C'est dans ce cadre turbulent que l'Eufor devra désormais se déployer. Malgré un retard de deux semaines, ce déploiement devrait avoir lieu aussi rapidement que possible. Une surprise inattendue est la proposition russe de participation à l'Eufor Tchad / RCA. Elle marquerait un renouveau géopolitique dans la région avec, désormais, la participation de toutes les grandes puissances (Union Européenne, Chine, Inde, Etats-Unis, Russie) dans ce conflit devenu régional.












je trouve cela effrayant la capacité qu'ont de toutes petites troupes de déstabiliser les armées africaines.
Quand on pense que ce genre de troupes, aidées de milices, peuvent entraîner des génocides, et qu'il ne faut sûrement que quelques millions pour les équiper, ça fait froid dans le dos.
L'Afrique manque vraiment de forces Africains capables d'assurer la paix
Rédigé par : vincent | 08 février 2008 à 21:58
de forces africaines bien sûr
désolé
Rédigé par : vincent | 08 février 2008 à 22:03
Bonsoir Vincent,
Oui c'est vrai.
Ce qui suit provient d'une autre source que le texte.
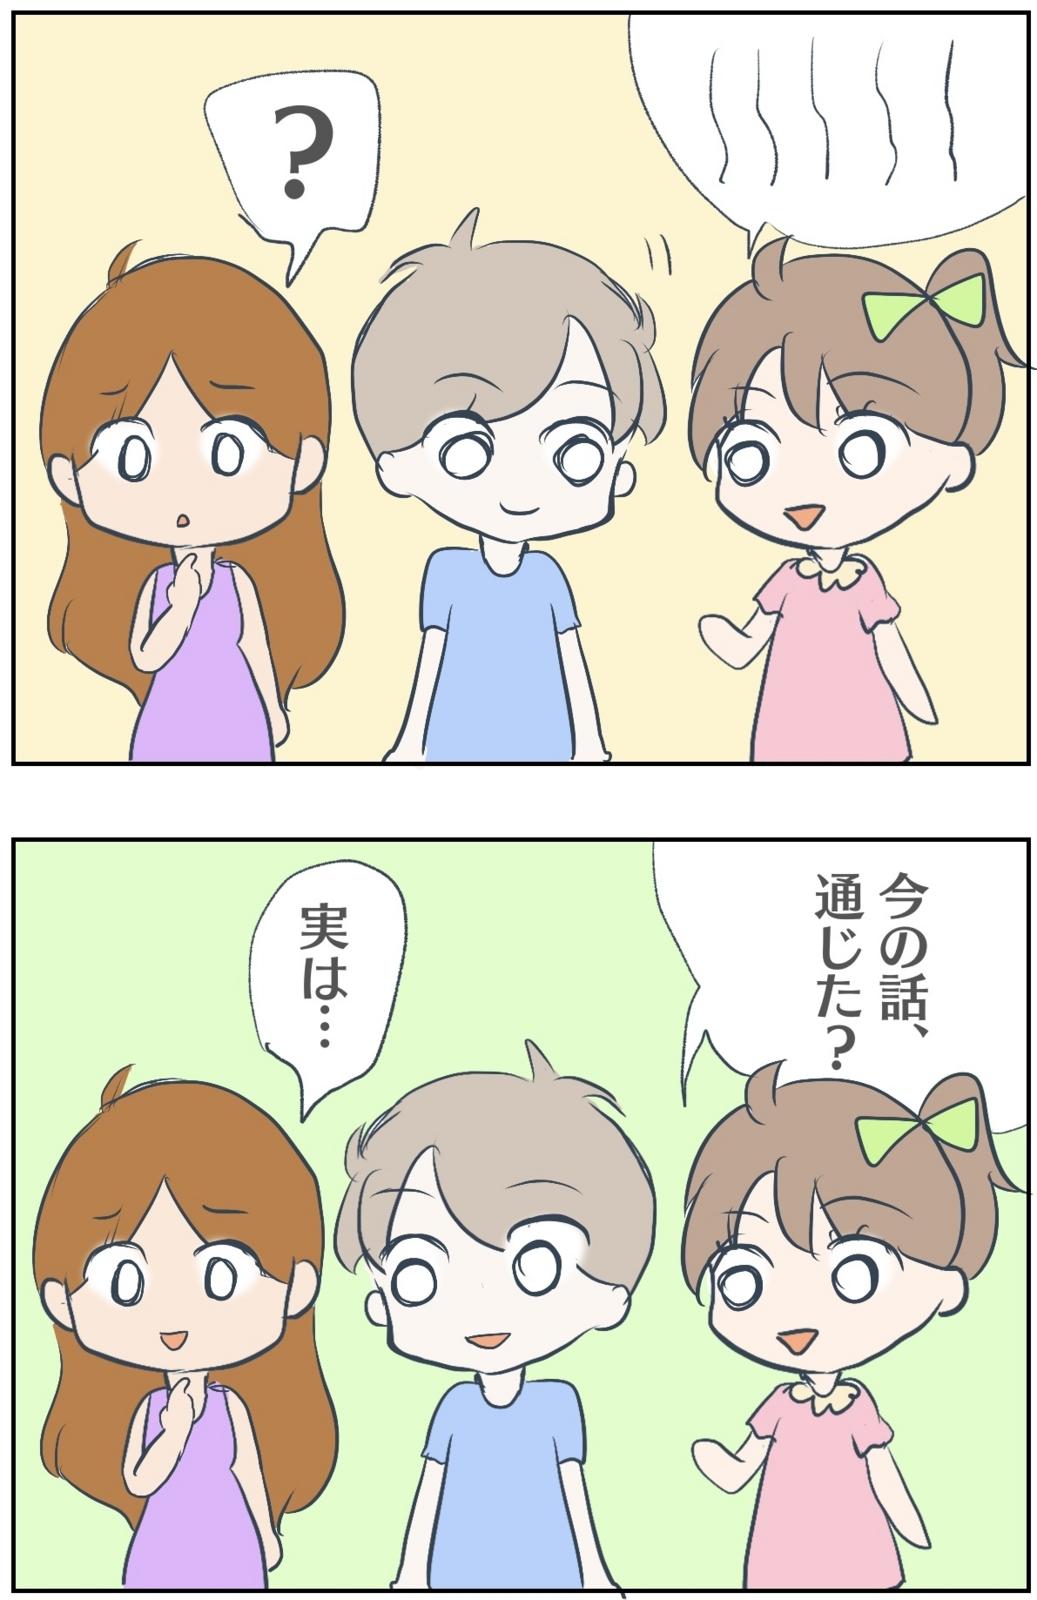 英語で会話する2コマ漫画
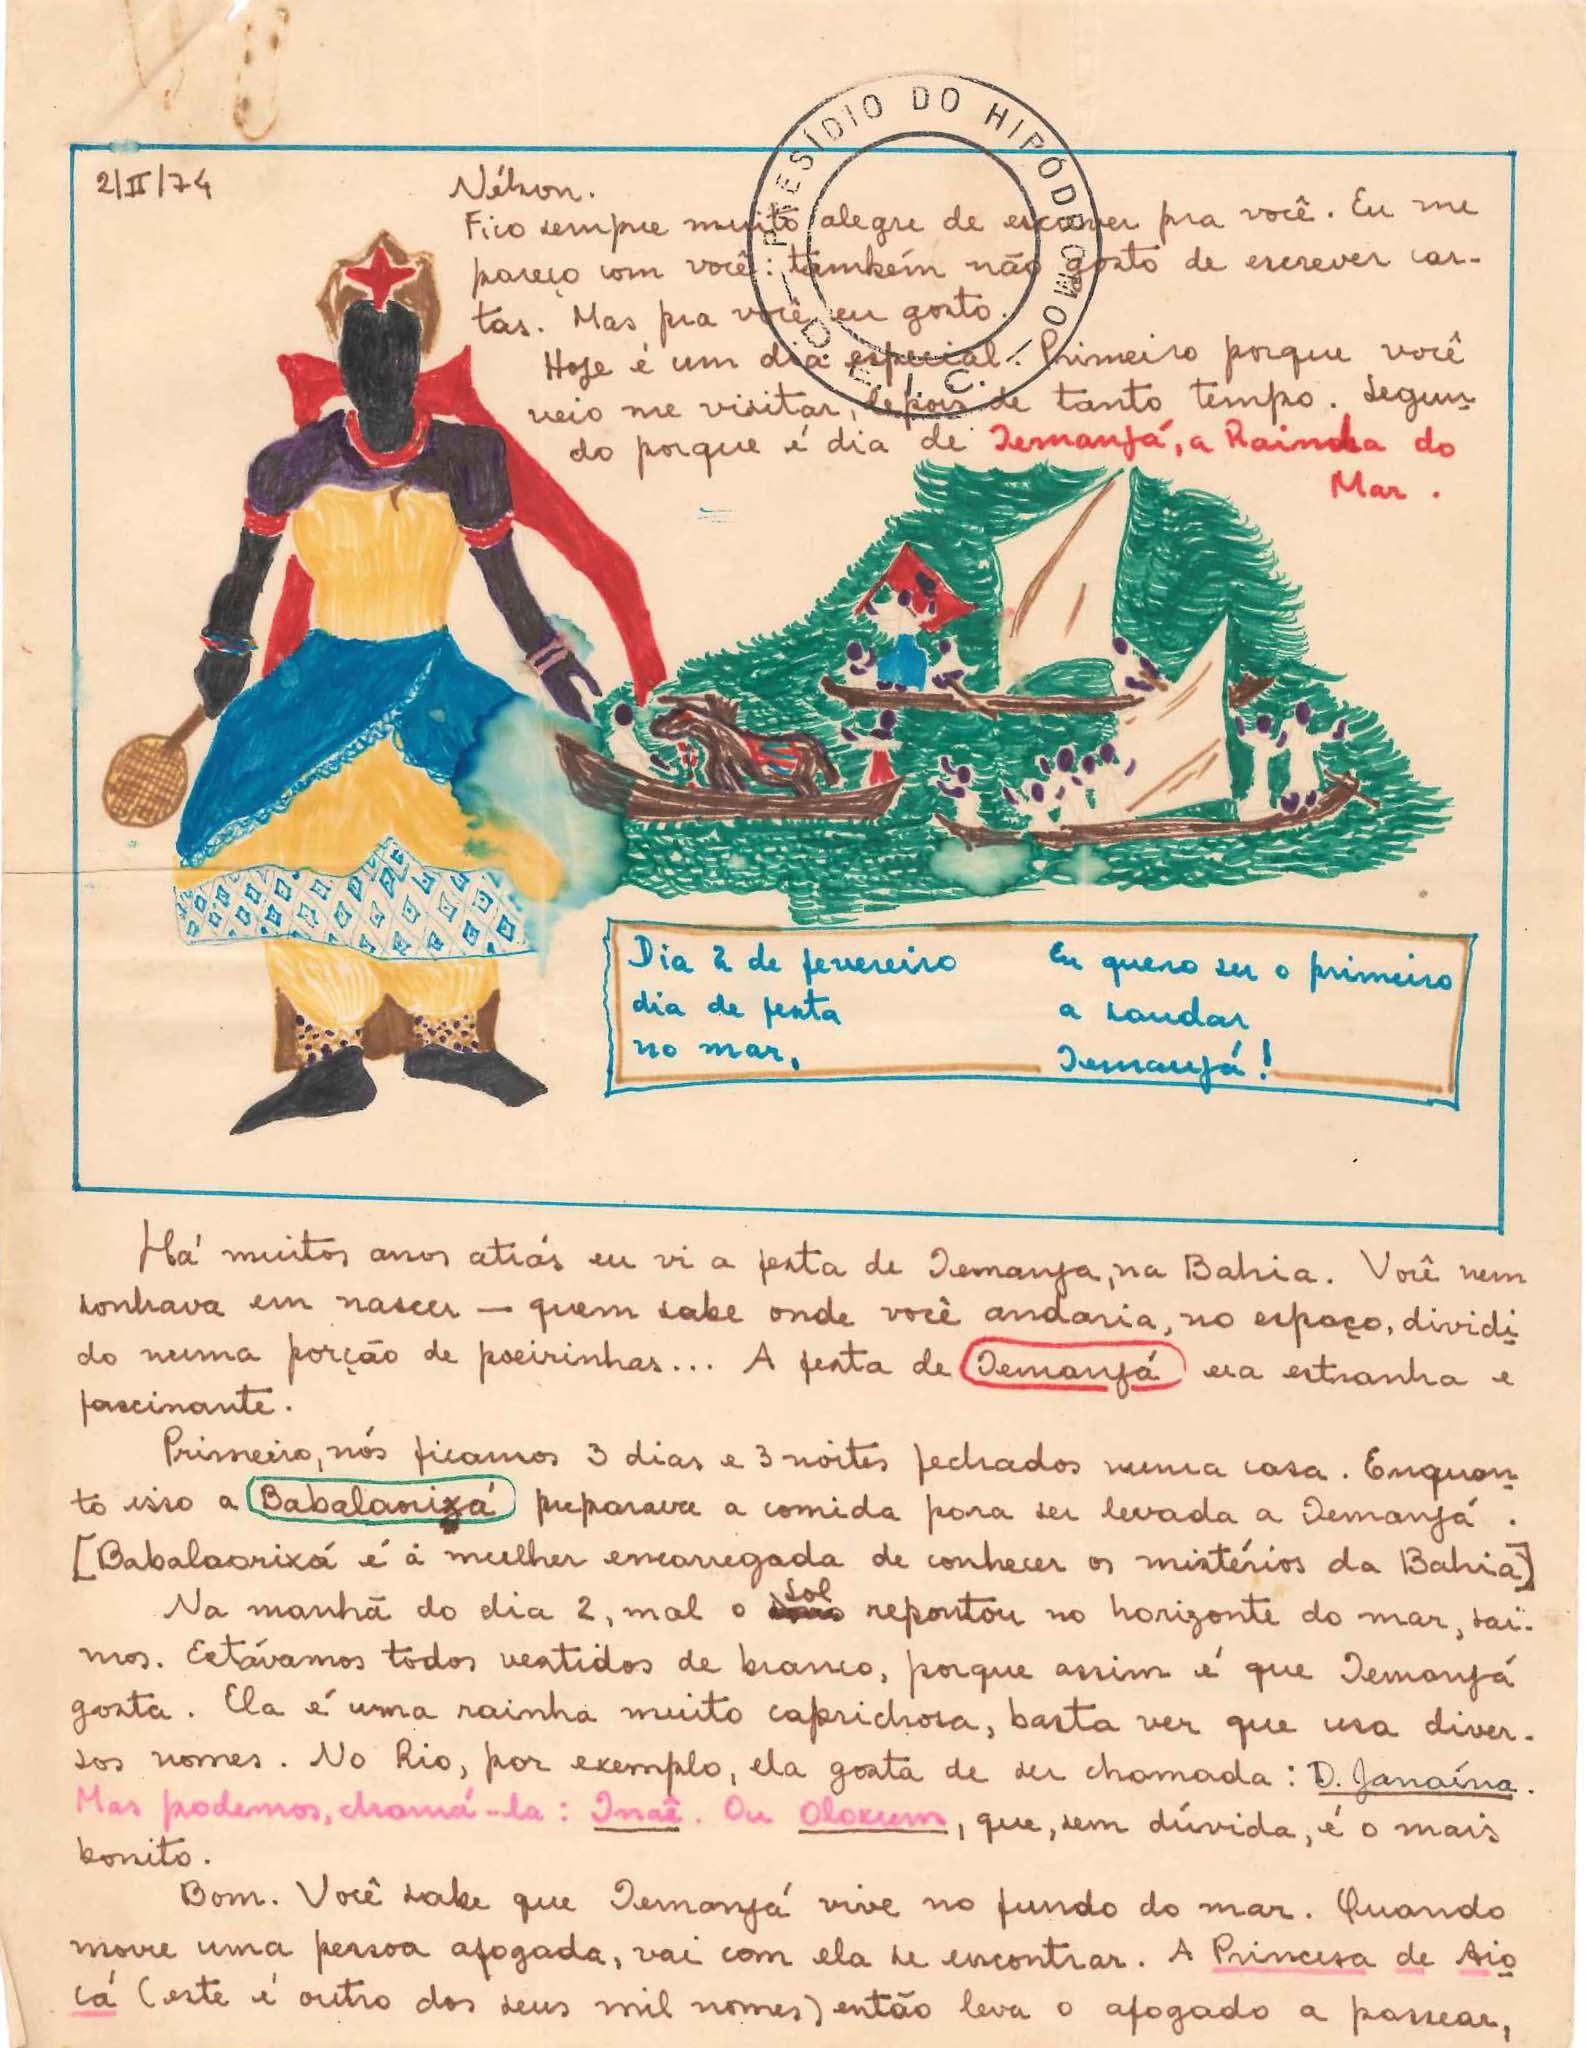 Joel Rufino dos Santos. Carta para o filho, fev. de 1974

A terme, les gouvernements africains (qui ne le pratiquent pas encore) devront apprendre à laisser un espace politique à leurs opposants plutôt que les laisser entrer en rébellion financée par leurs voisins qui embrasent des régions entières...
Pour ce qui est des moyens de défense, certains de ces pays qui ont encore des économies fragiles, devraient consacrer des moyens démesurés pour s'armer et se défendre correctement ... et puis je ne suis pas sur que cela soit souhaitable si le résultat est un retournement de ces armes contre la population au moindre signe d'opposition ou de manifestation... Disons que tant que la démocratie ne devient pas la norme, l'armement lourd devra rester secondaire.
Du point de vue continental les Casques Blancs de la CEDEAO et la mission AMIS de l'Union Africaine donnent espoir que ce genre de choses puisse, à terme, diminuer en fréquence; leurs interventions au Libéria, Sierra Leone, Guinée Bissau, Côte d'Ivoire et aujourd'hui au Darfour vont dans le bon sens, vers une réduction continentale des conflits grâce à l'aide des autres pays africains. Les résultats obtenus en Afrique de l'Ouest sont considérables et on peut espérer que cela fonctionne dans le cadre des guerres du Darfour / Tchad aussi (même si ce sera un travail de longue haleine!)... un signe encourageant est celui qu'est en passe d'obtenir Kofi Annan au Kenya!